Work item: Type out the complete listing below word for word, without its pictures.

Given information:

★ ★ ★ ★ ★

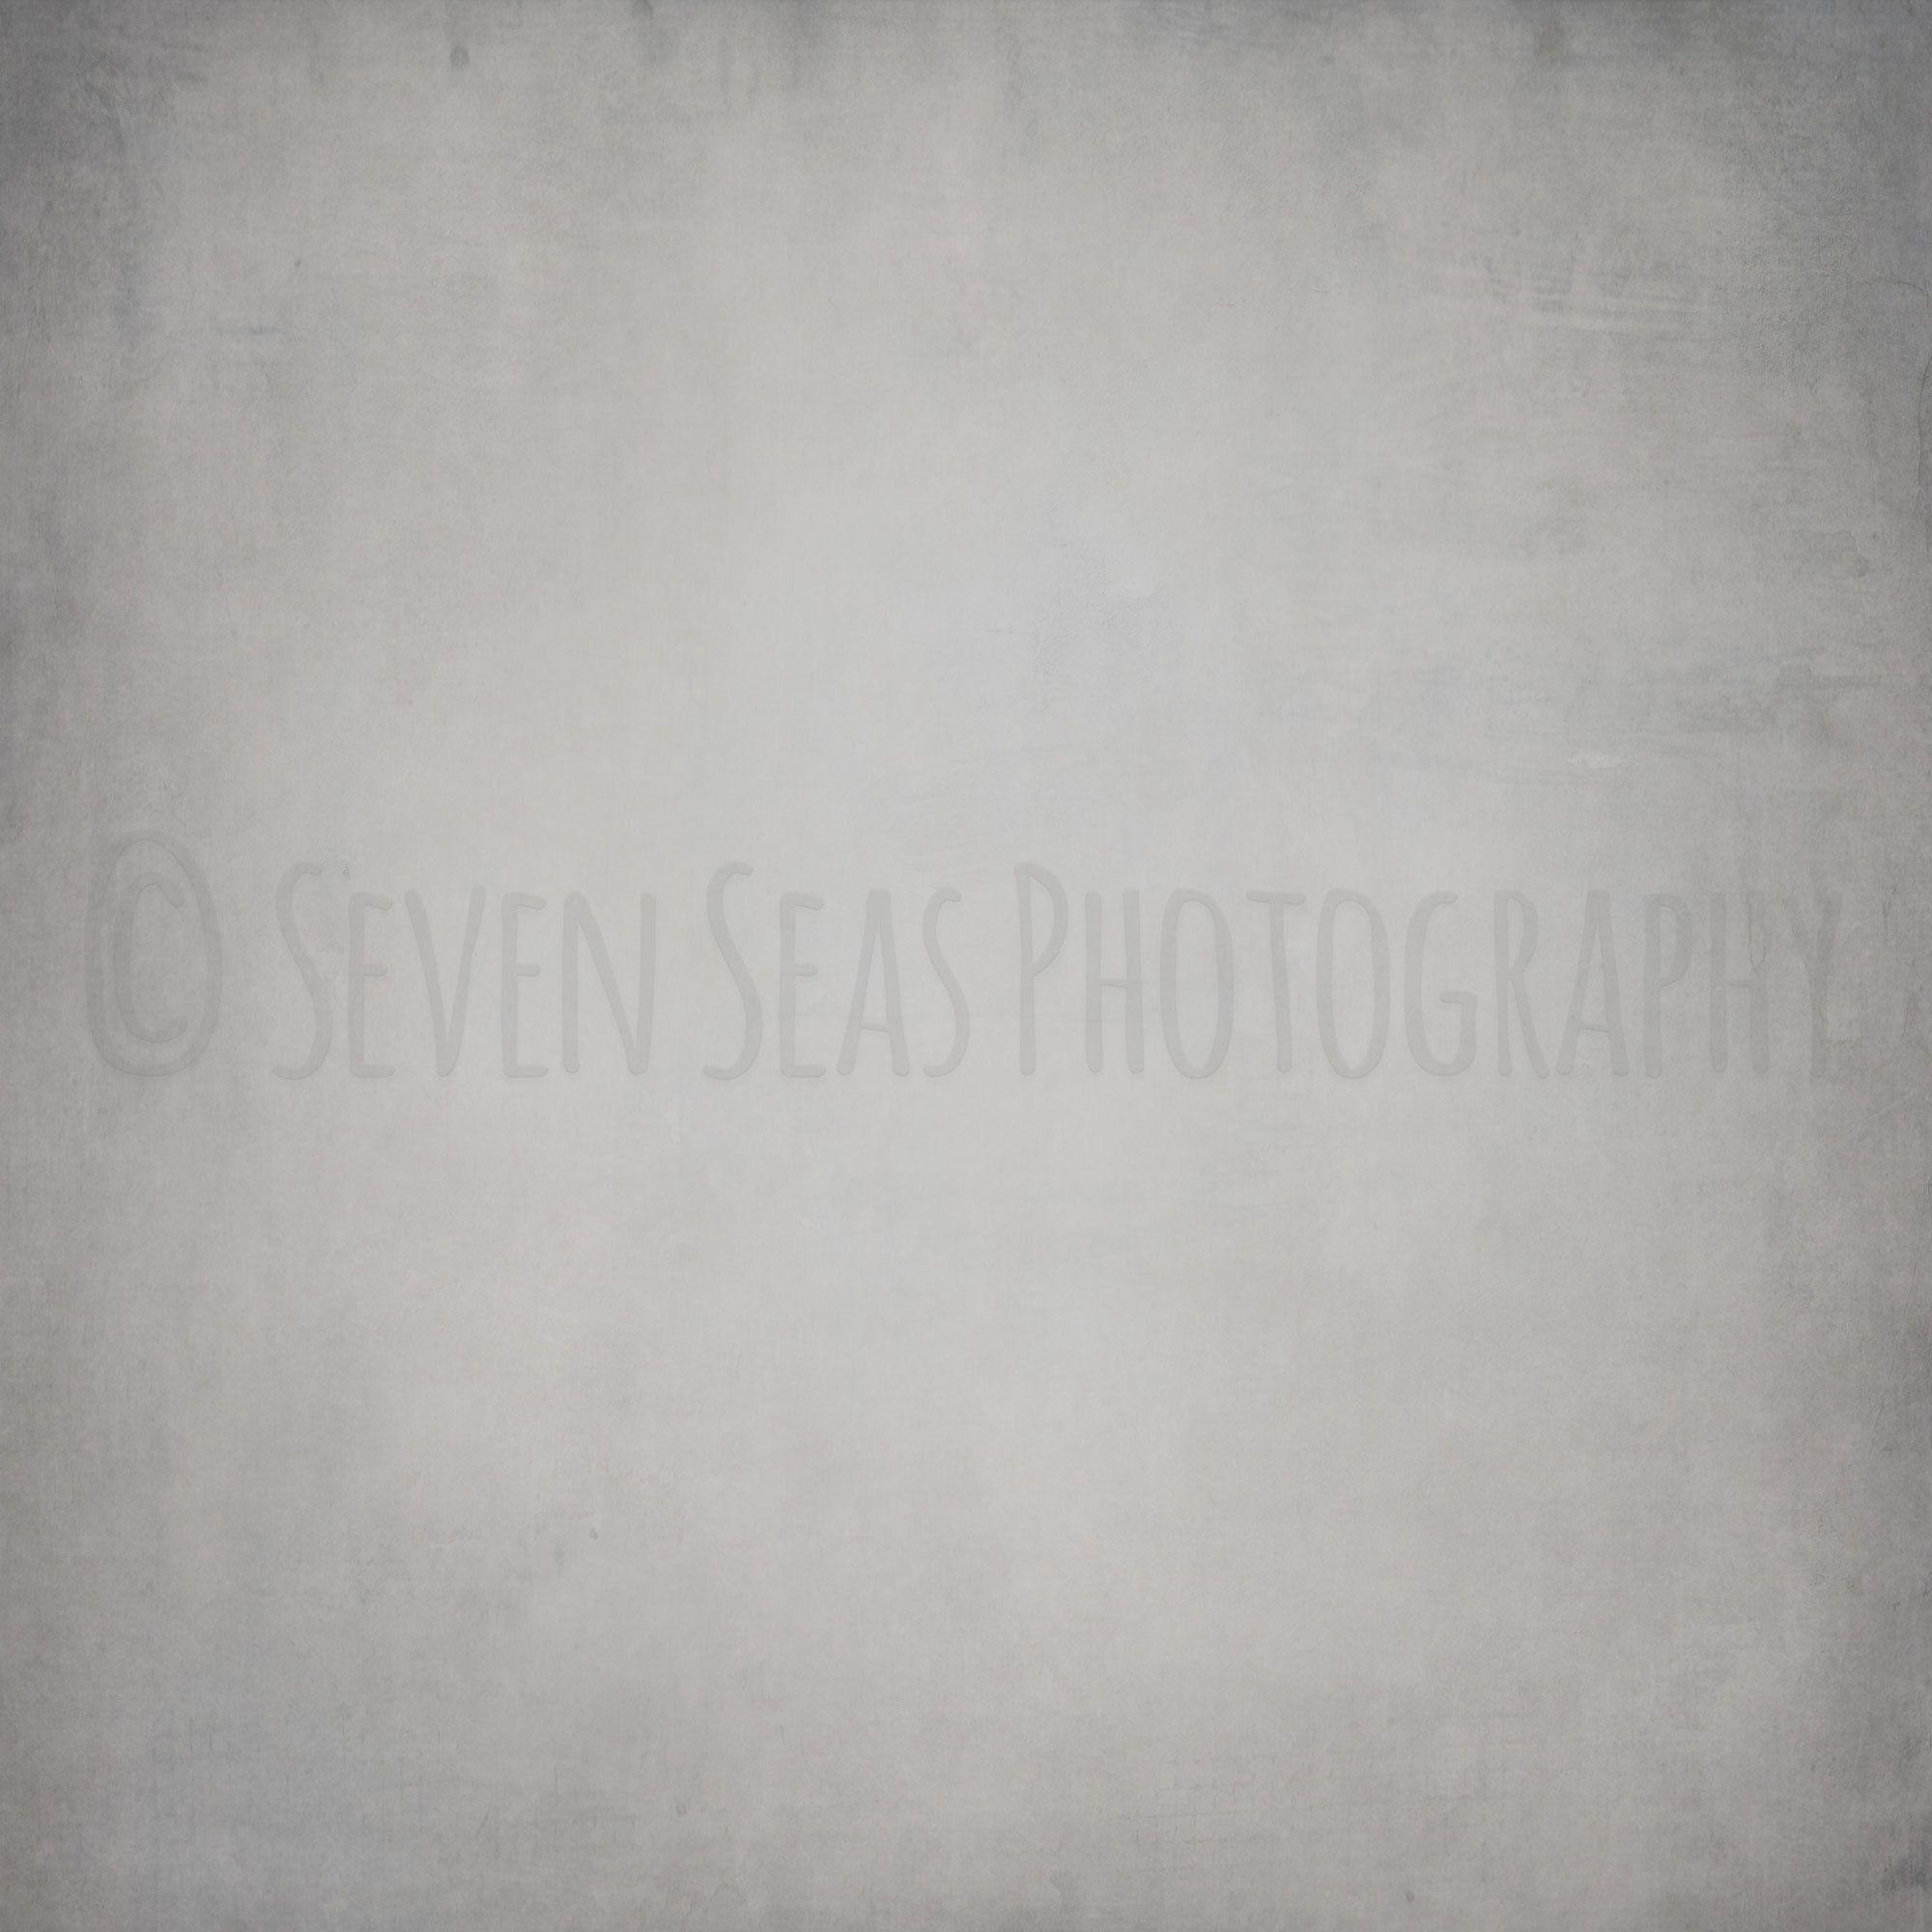 COLD - Digitaler Hintergrund für Fotografie & Video, Porträthintergrund, Textur, Grafikdesign, Kunst, Photoshop-Overlay, Websites
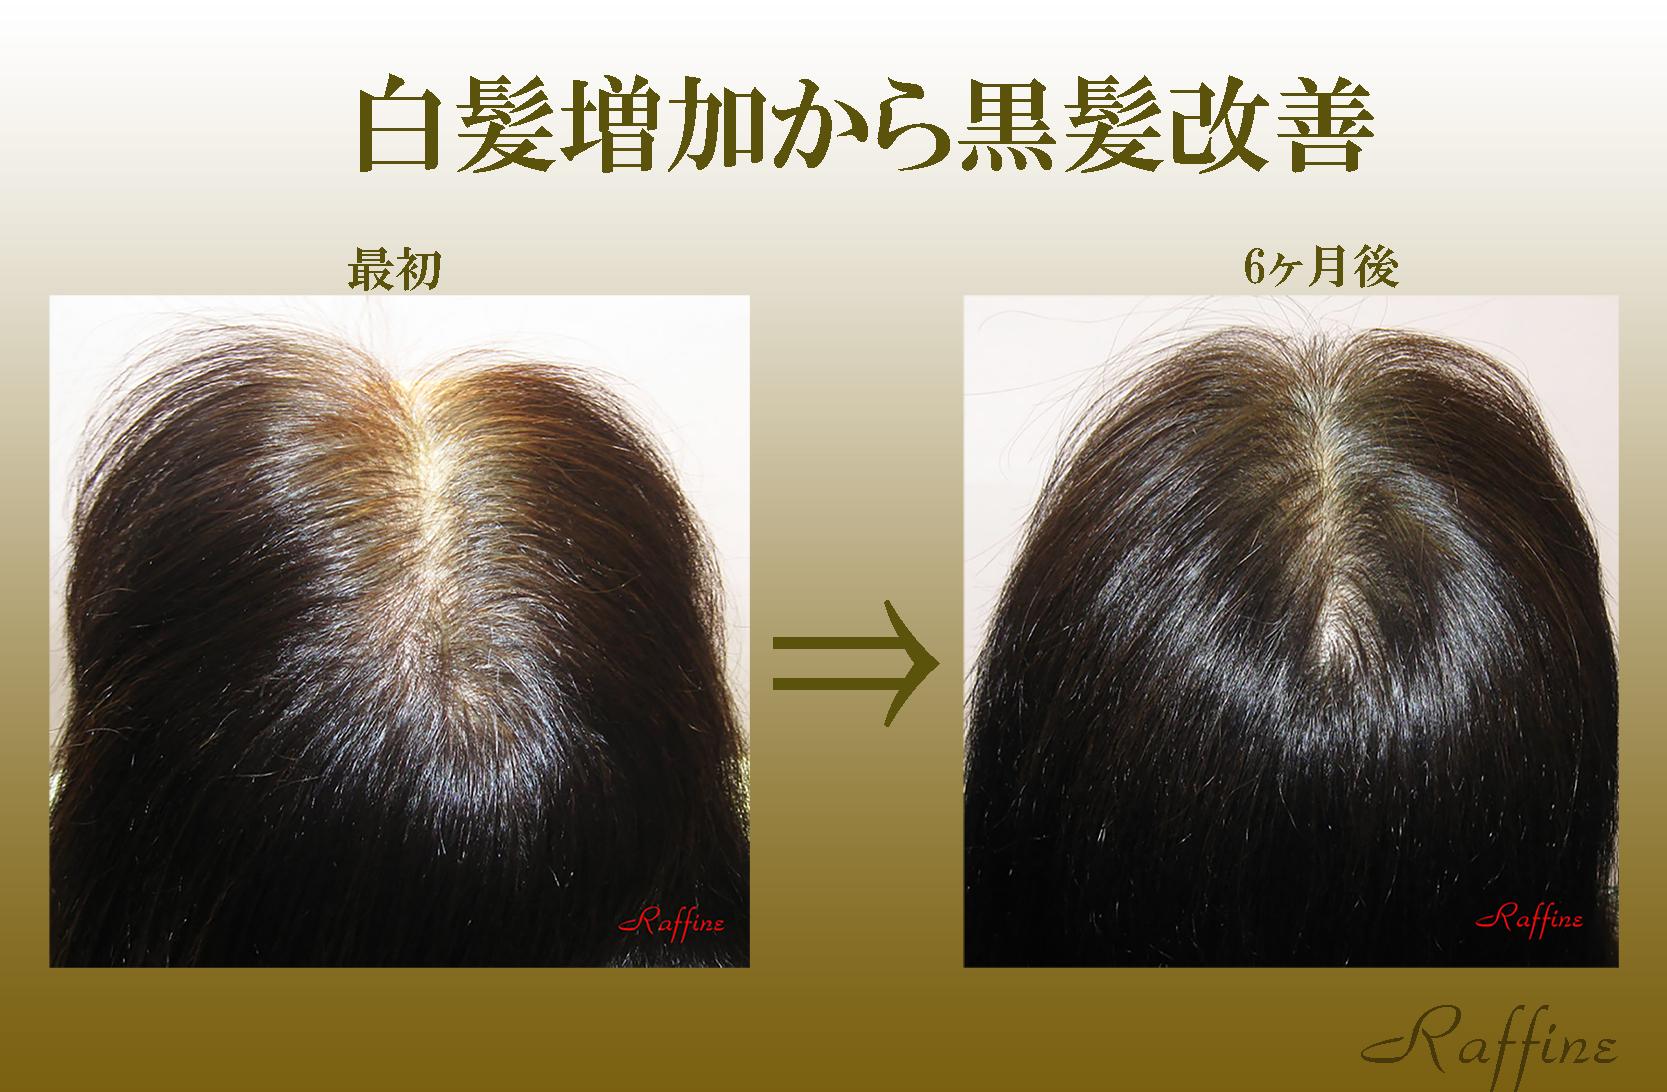 白髪増加から黒髪改善
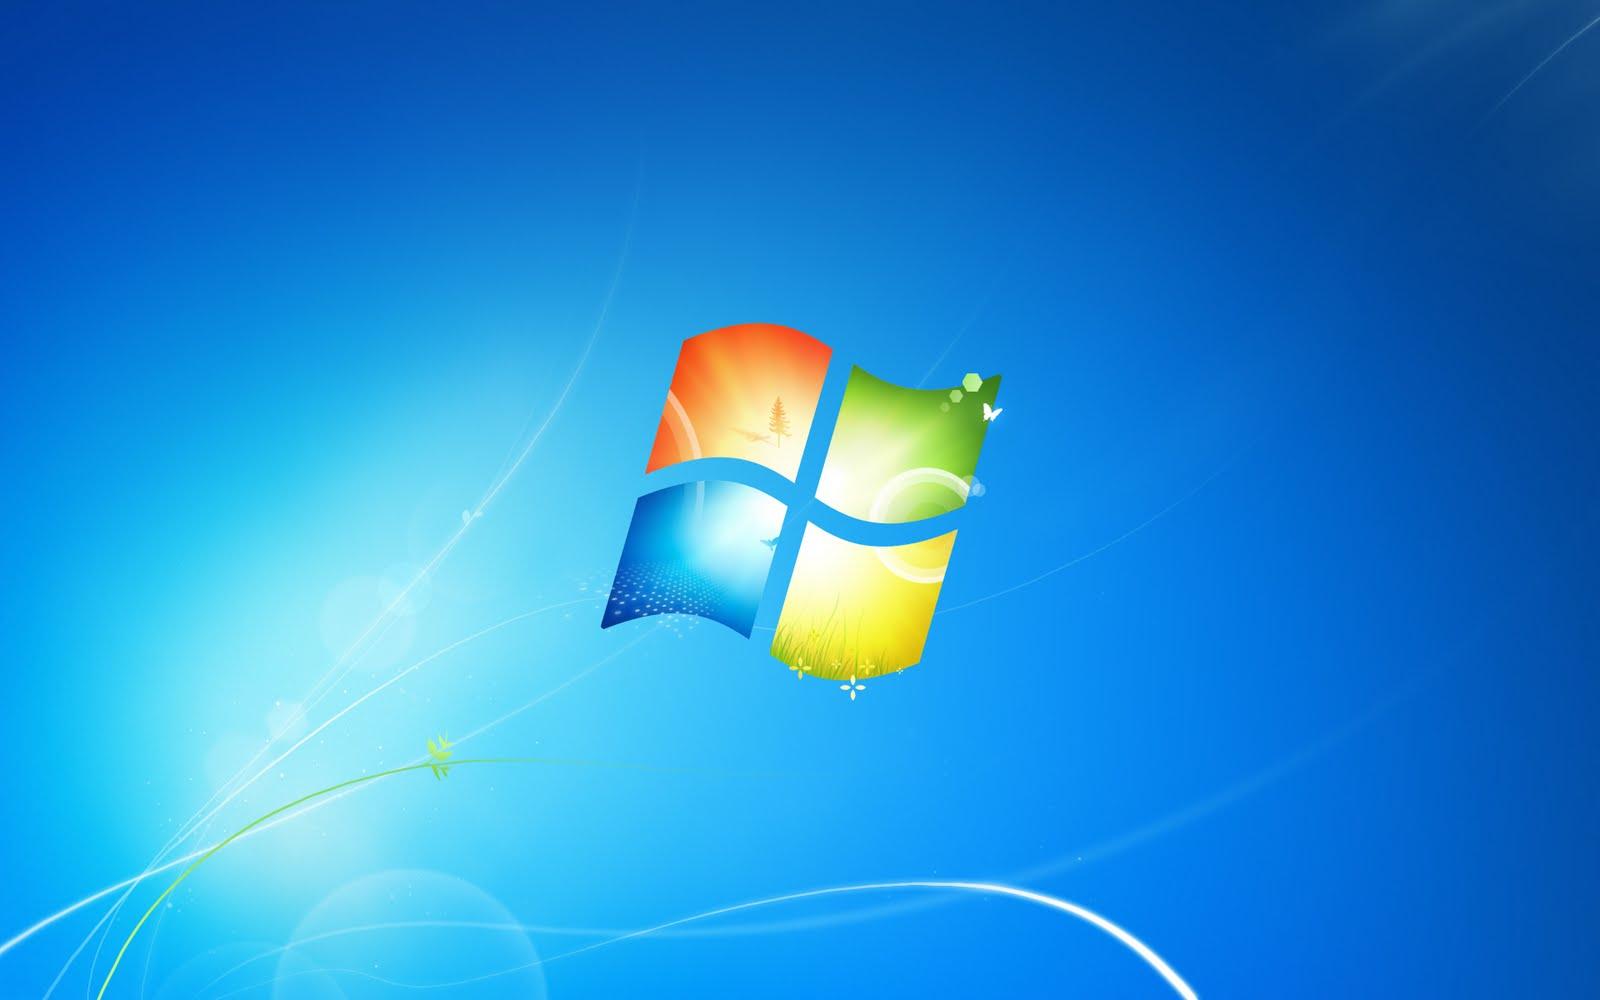 desktop backgrounds hp #6

★ ★ ★ ★ ★

Solution to the problem:
 COLD - Digitaler Hintergrund für Fotografie & Video, Porträthintergrund, Textur, Grafikdesign, Kunst, Photoshop-Overlay, Websites
 白髪増加から黒髪改善
 desktop backgrounds hp #6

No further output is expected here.